Engel v. O’malley, 219 U.S. 128 (1911)

Engel v. O’Malley


No. 703


Argued December 15, 16, 1910
Decided January 3, 1911
219 U.S. 128

APPEAL FROM THE CIRCUIT COURT OF THE UNITED STATES
FOR THE SOUTHERN DISTRICT OF NEW YORK

Syllabus

The rule that one not within the class cannot raise objections to the constitutionality of a statute on the ground of discrimination against that class, applied to effect that one who for more than five years has resided in the United States cannot object that a state statute denies equal protection of the law because it excludes those who have not so resided for that period.

Protection of banking business, especially that transacted in small amounts (Noble State Bank v. Haskell, ante, p. 104), and with poor and ignorant immigrants on first arrival in this country is within the police power of the state, and a state statute imposing special and proper restrictions on those engaging in that class of banking is not unconstitutional under the due process or equal protection clauses of the Fourteenth Amendment because it excepts from its provision other banks and bankers engaged in other classes of banking business or conducting them under other conditions.

The receipt of money by a bank where the depositor can withdraw it when and in such sums as he pleases, although creating a debt, is, in a popular sense, the receipt of money for safekeeping.

Where the subject is within the police protection of the state, it is not for the court to determine whether the enactment is wise or not; that is within legislative discretion.

Courts will presume from general knowledge of business affairs that transmission of money through bankers is made by drafts, and not by sending the identical currency.

Legislation which regulates business may well make distinctions depend upon the degree of evil, Heath Milligan Co. v. Worst, 207 U.S. 338, and, although where size is not an index, a law may not discriminate between the great and the small, proper regulations based thereon where size is an index of the evil to be prevented do not offend the equal protection clause of the Fourteenth Amendment.

There are always difficulties in drawing the dividing line between that which is within and that which is without the constitutional power of the states, and the question in each specific case must be answered by the pertinent facts therein.

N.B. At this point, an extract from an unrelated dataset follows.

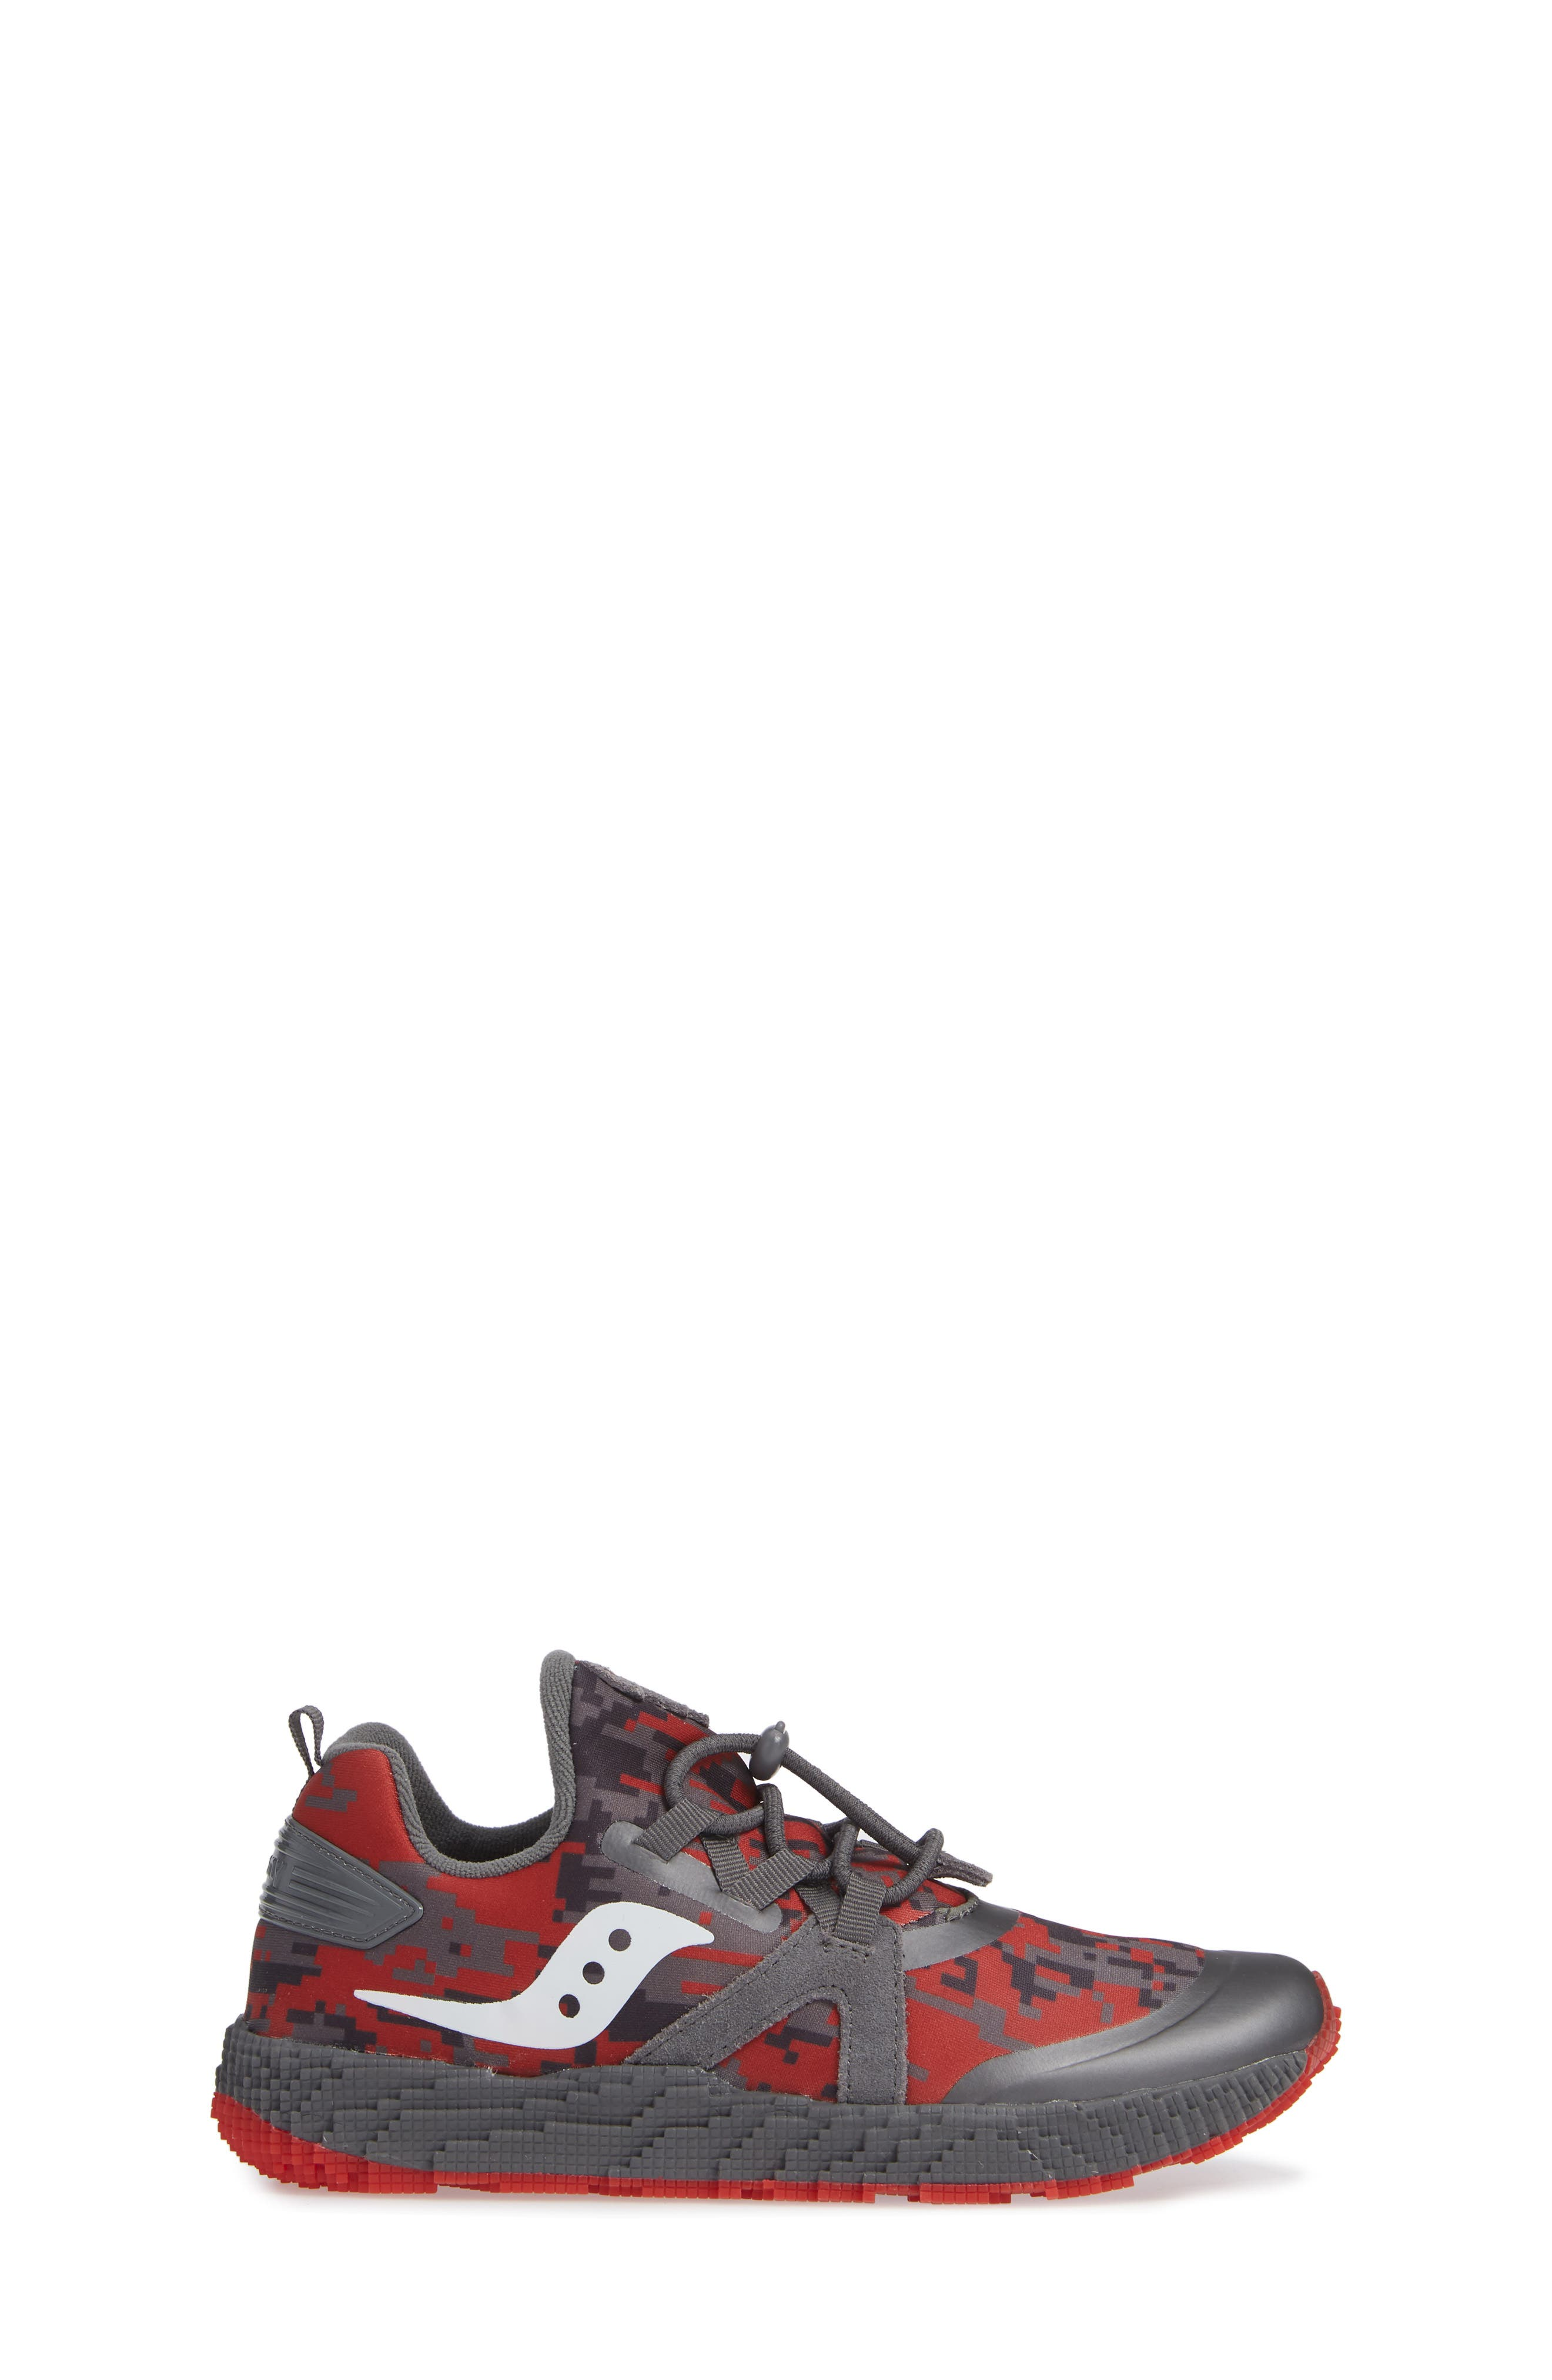 Voxel 9000 Sneaker,                             Alternate thumbnail 3, color,                             GREY LEATHER/ MESH 2

A state statute regulating the receipt of deposit of money is not a burden on, or regulation of, interstate or foreign commerce simply because such deposits are likely to be transmitted to other state or foreign countries; the deposit is an independent transaction preceding the transmission.

The provisions of the Private Banking Act of New York of 1910, considered in this case, are not unconstitutional as depriving persons engaged in the receiving and transmitting of small sums of money of their property without due process of law or denying them the equal protection of the law either on account of the regulations to which such persons are subjected or by reason of the exception of other classes of banks and bankers therefrom.

The facts are stated in the opinion.